━━━━━ Data ━━━━━
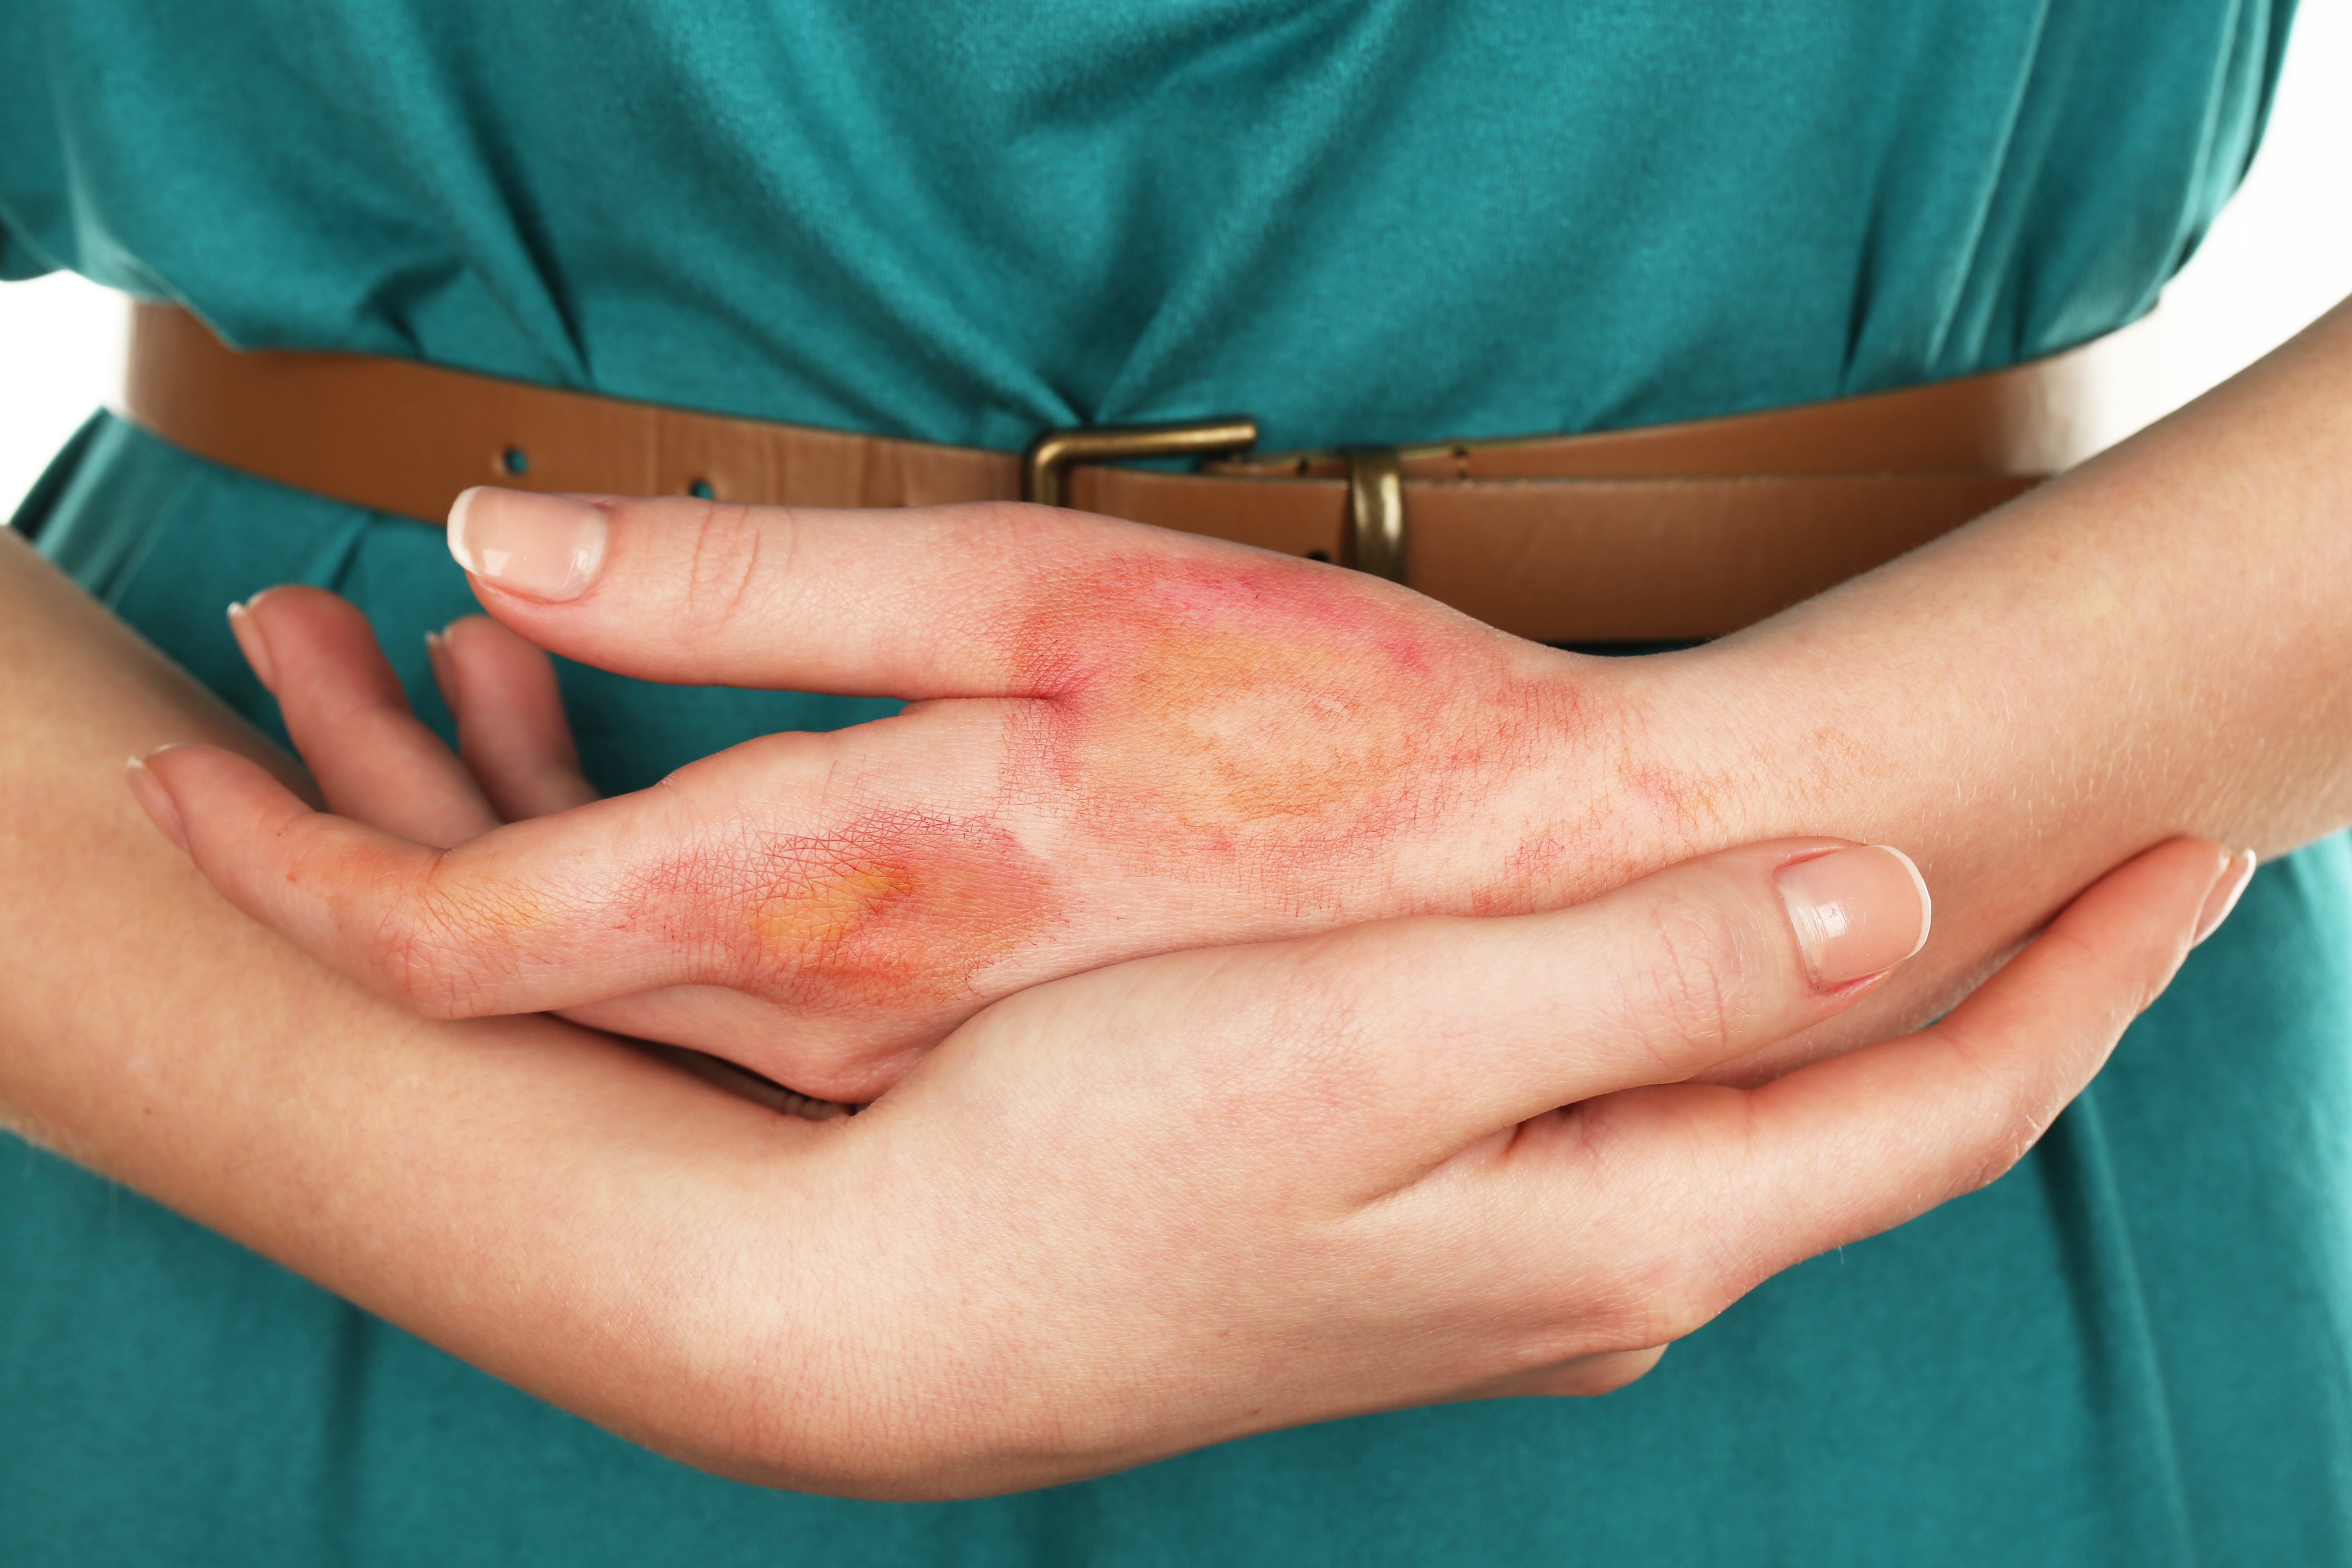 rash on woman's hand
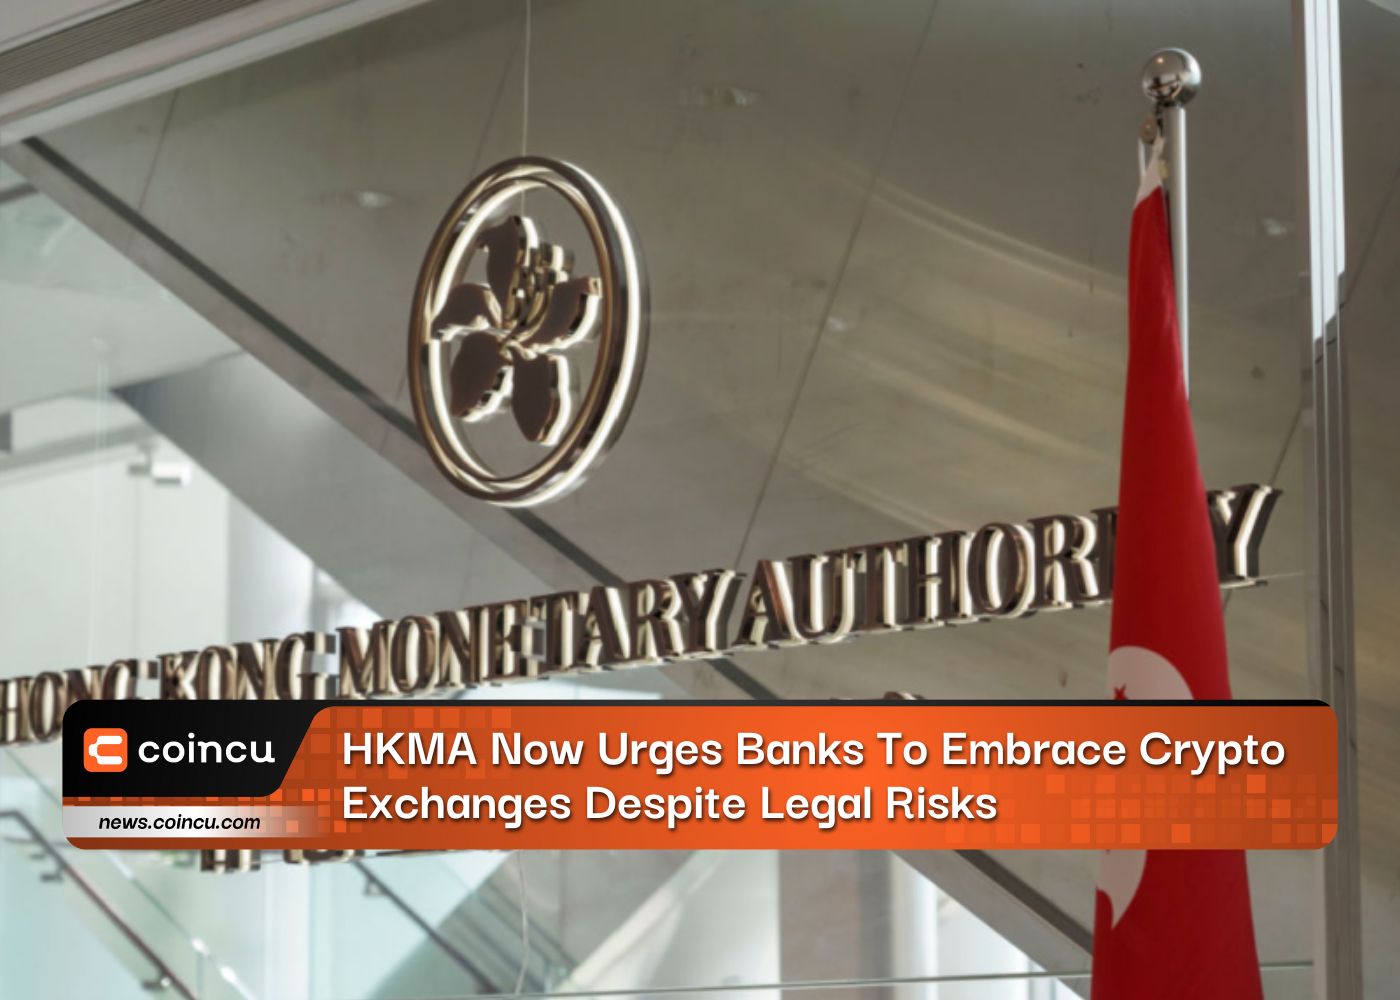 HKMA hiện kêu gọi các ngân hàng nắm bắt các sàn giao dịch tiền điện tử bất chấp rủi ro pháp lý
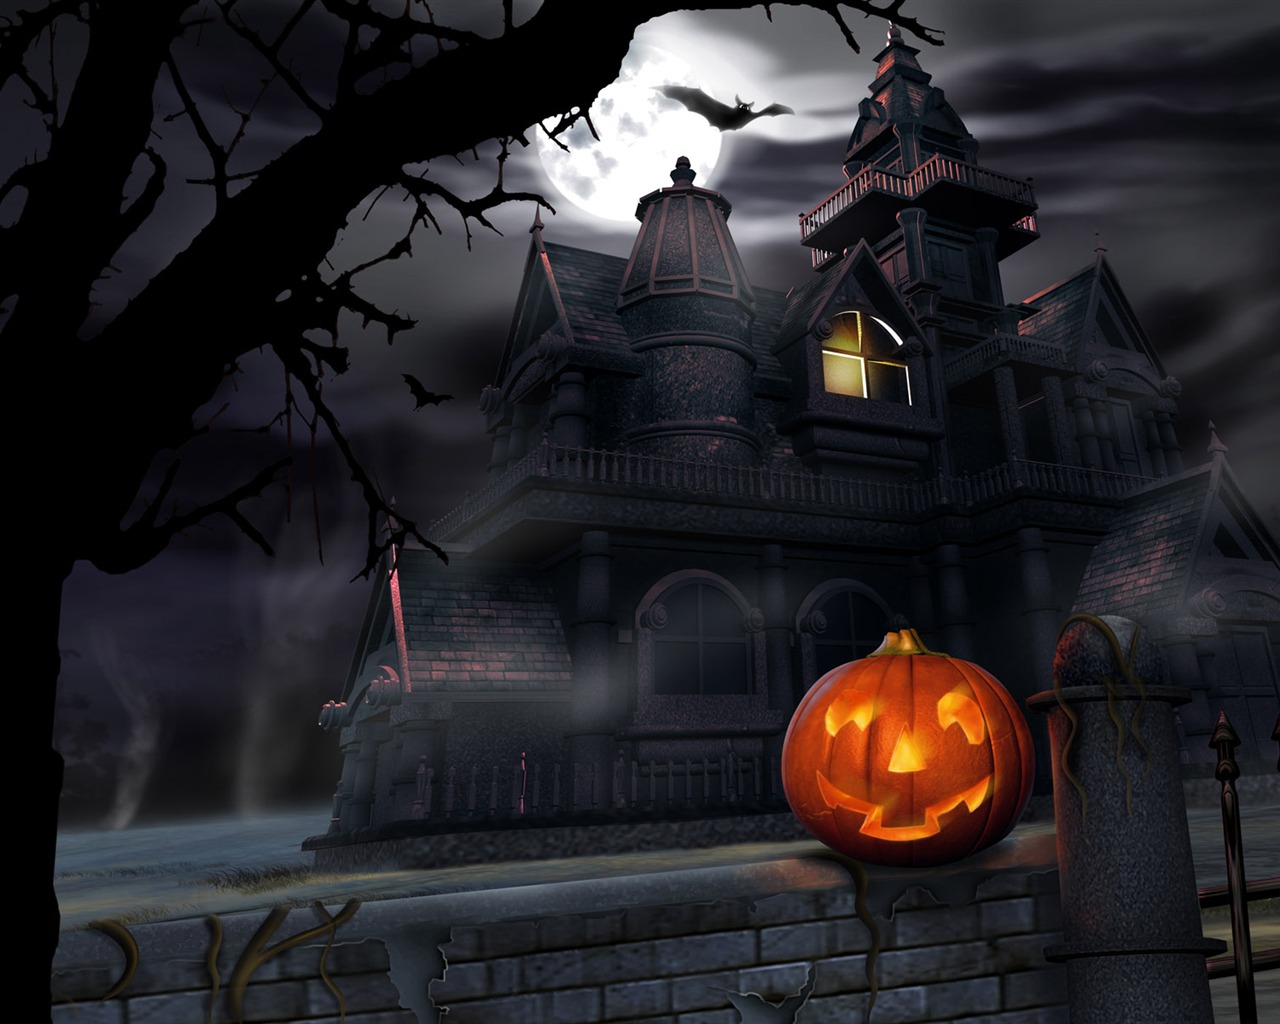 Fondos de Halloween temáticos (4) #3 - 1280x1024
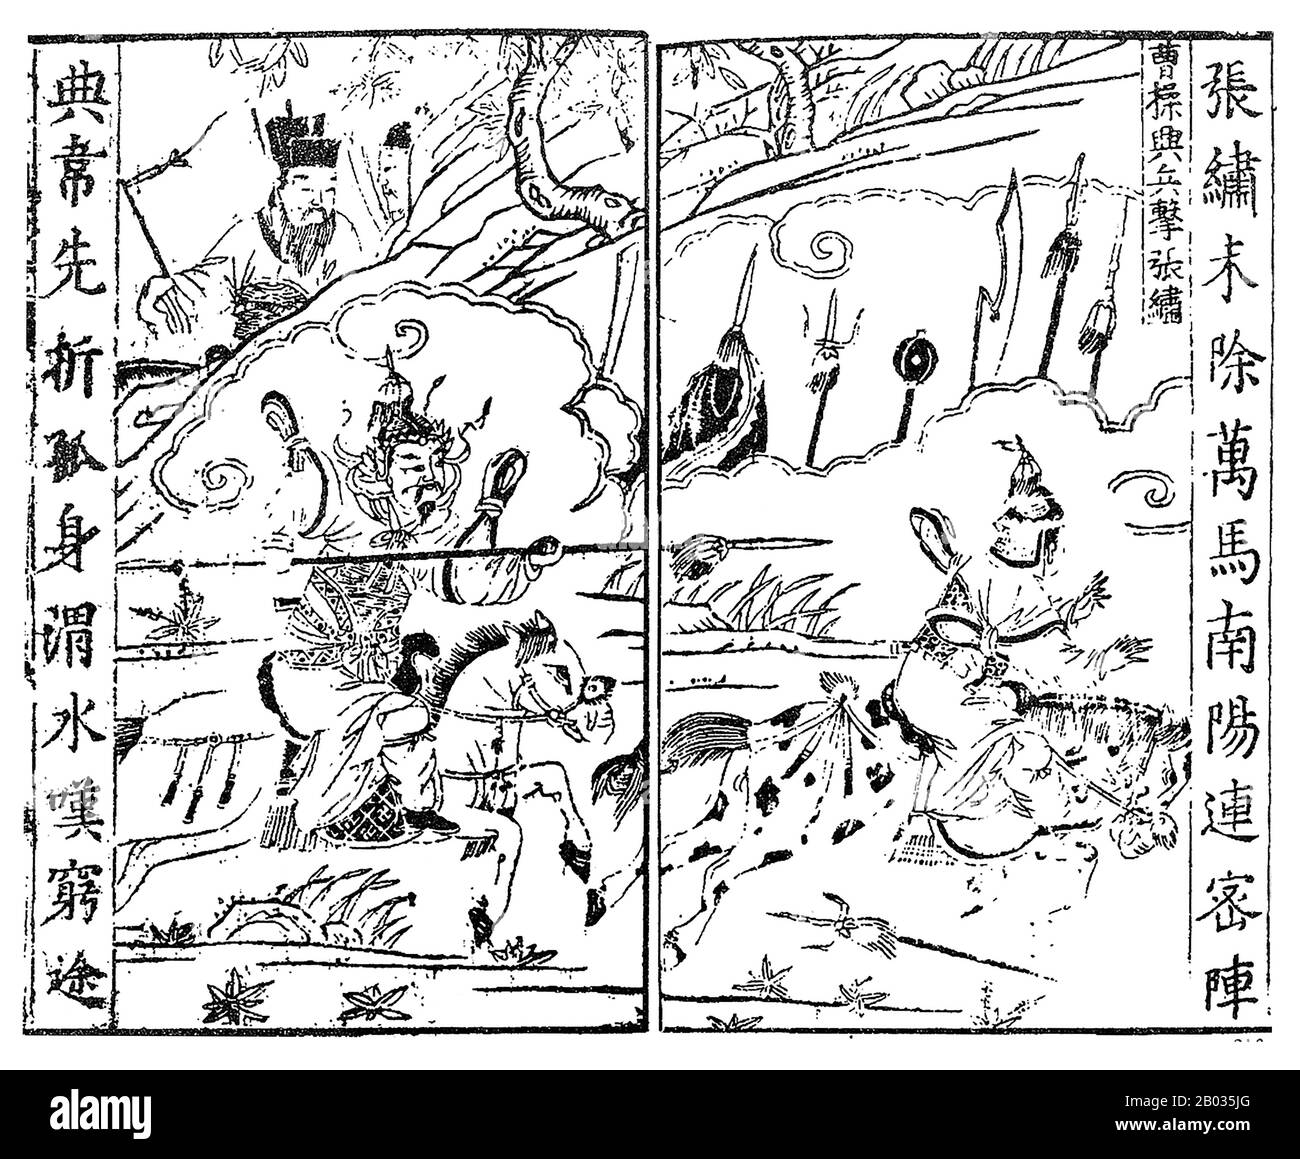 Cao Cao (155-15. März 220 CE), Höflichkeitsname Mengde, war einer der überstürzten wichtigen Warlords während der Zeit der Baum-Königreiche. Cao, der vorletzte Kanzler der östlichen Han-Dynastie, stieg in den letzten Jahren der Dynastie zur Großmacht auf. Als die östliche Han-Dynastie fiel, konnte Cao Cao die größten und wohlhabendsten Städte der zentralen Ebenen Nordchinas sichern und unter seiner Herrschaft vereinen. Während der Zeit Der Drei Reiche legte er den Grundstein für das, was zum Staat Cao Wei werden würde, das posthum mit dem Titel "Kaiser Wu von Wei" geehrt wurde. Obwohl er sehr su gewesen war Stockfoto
━━━━━
*Task item*: Type the listing above out again exactly, and omit all pictures.

*Task result*:
 rash on woman's hand
 HKMA hiện kêu gọi các ngân hàng nắm bắt các sàn giao dịch tiền điện tử bất chấp rủi ro pháp lý
 Fondos de Halloween temáticos (4) #3 - 1280x1024
 Cao Cao (155-15. März 220 CE), Höflichkeitsname Mengde, war einer der überstürzten wichtigen Warlords während der Zeit der Baum-Königreiche. Cao, der vorletzte Kanzler der östlichen Han-Dynastie, stieg in den letzten Jahren der Dynastie zur Großmacht auf. Als die östliche Han-Dynastie fiel, konnte Cao Cao die größten und wohlhabendsten Städte der zentralen Ebenen Nordchinas sichern und unter seiner Herrschaft vereinen. Während der Zeit Der Drei Reiche legte er den Grundstein für das, was zum Staat Cao Wei werden würde, das posthum mit dem Titel "Kaiser Wu von Wei" geehrt wurde. Obwohl er sehr su gewesen war Stockfoto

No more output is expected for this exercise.